The government is mired in mud. Not just political corruption, squalor and scandal, but – due to Defra’s desperate handling of the environmental bill – real mud in the form of raw sewage that is pumped daily into our rivers and seas.
This is an environmental scandal. Not one English river is in good condition, and not one meets good chemical standards. In the last year alone, raw wastewater has been discharged into the rivers and seas of the UK over 400,000 times. England has the worst river quality in Europe. And the response of this government? Whipping their MPs to vote against an amendment that would have prevented human wastewater from spilling into our precious rivers and seas.
Then came the legitimate public outcry. And after a few days of the Secretary of State and his ministers digging, they finally realized how out of this world they were and made an abrupt U-turn. environment, weaker than what had been claimed by Labor to the Lords, but enough to make it appear that they were taking the matter seriously.

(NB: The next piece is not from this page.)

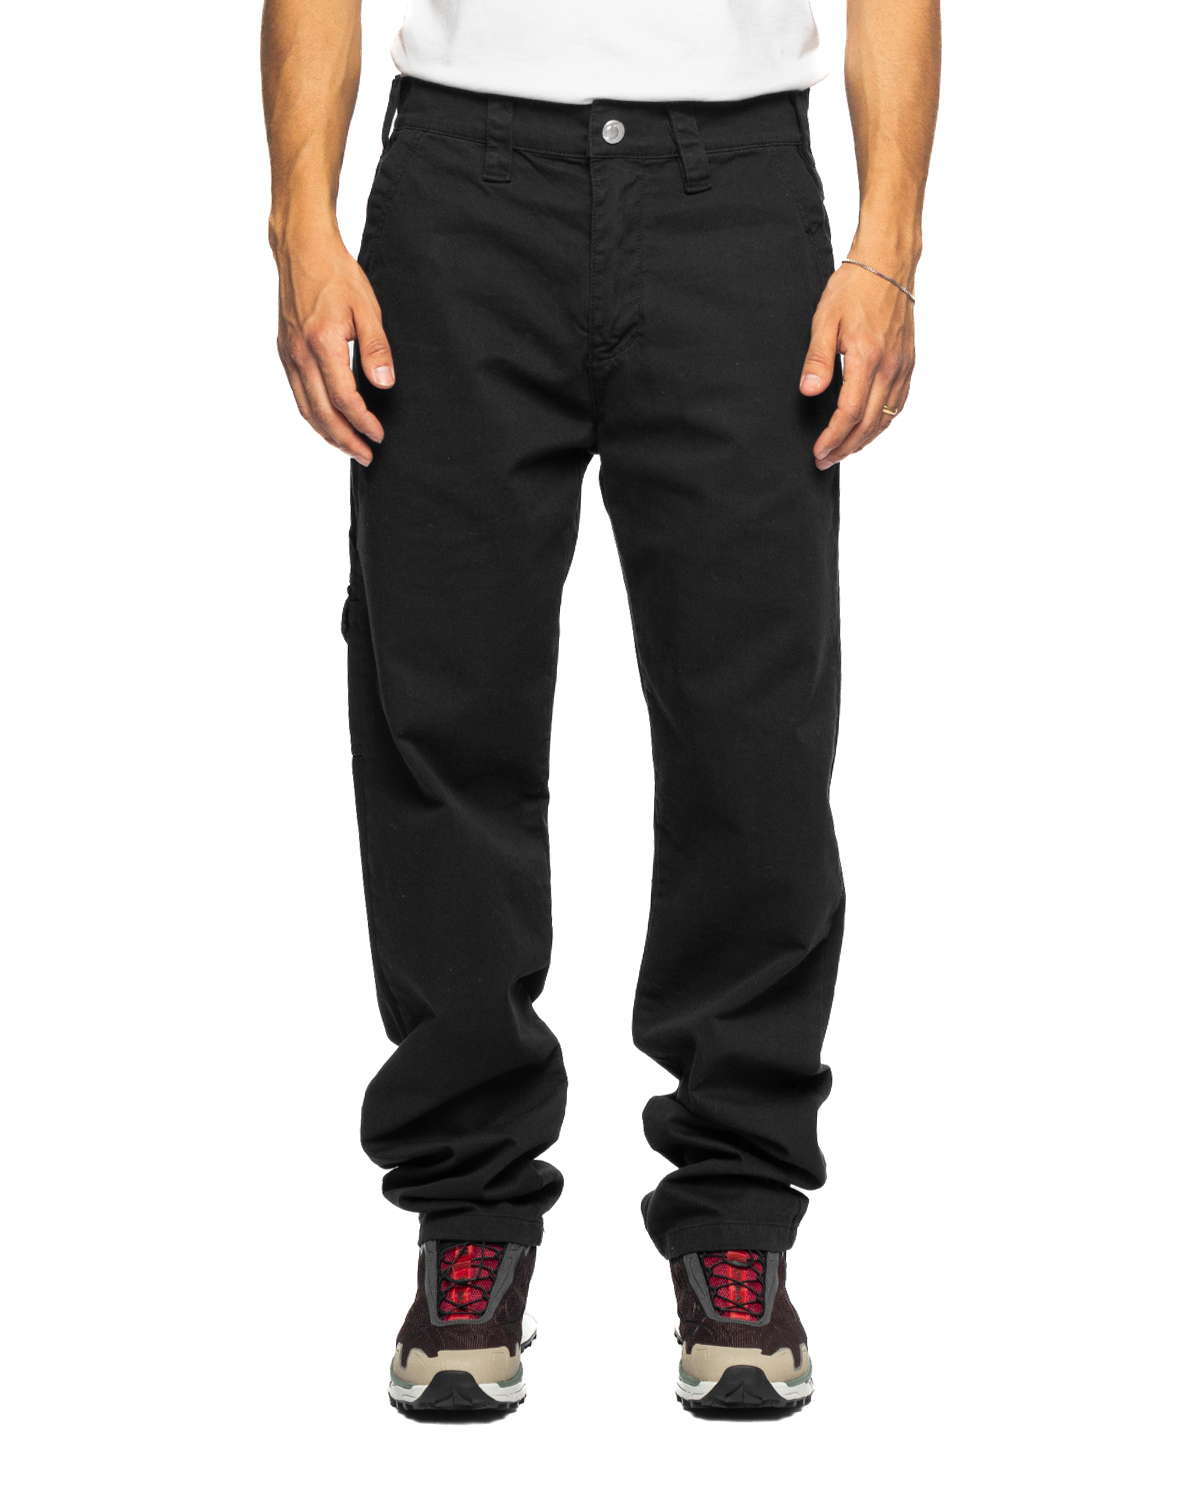 Utility Pant Washed Black Duck Cotton

We need ministers to get more urgent action to be needed to clean up our rivers. The job wants stronger legislation, but that’s not it. I argued this week in the House of Commons that we also need higher fines for polluting water companies, proper annual parliamentary scrutiny by Defra, Ofwat, the Environment Agency and water companies, so they can’t hide their inertia. And I argued that we need a clear plan as to how much raw human sewage will not be dumped, and for when. These shouldn’t be tough questions, but this out-of-this-world government knows too much about delivery to get an answer.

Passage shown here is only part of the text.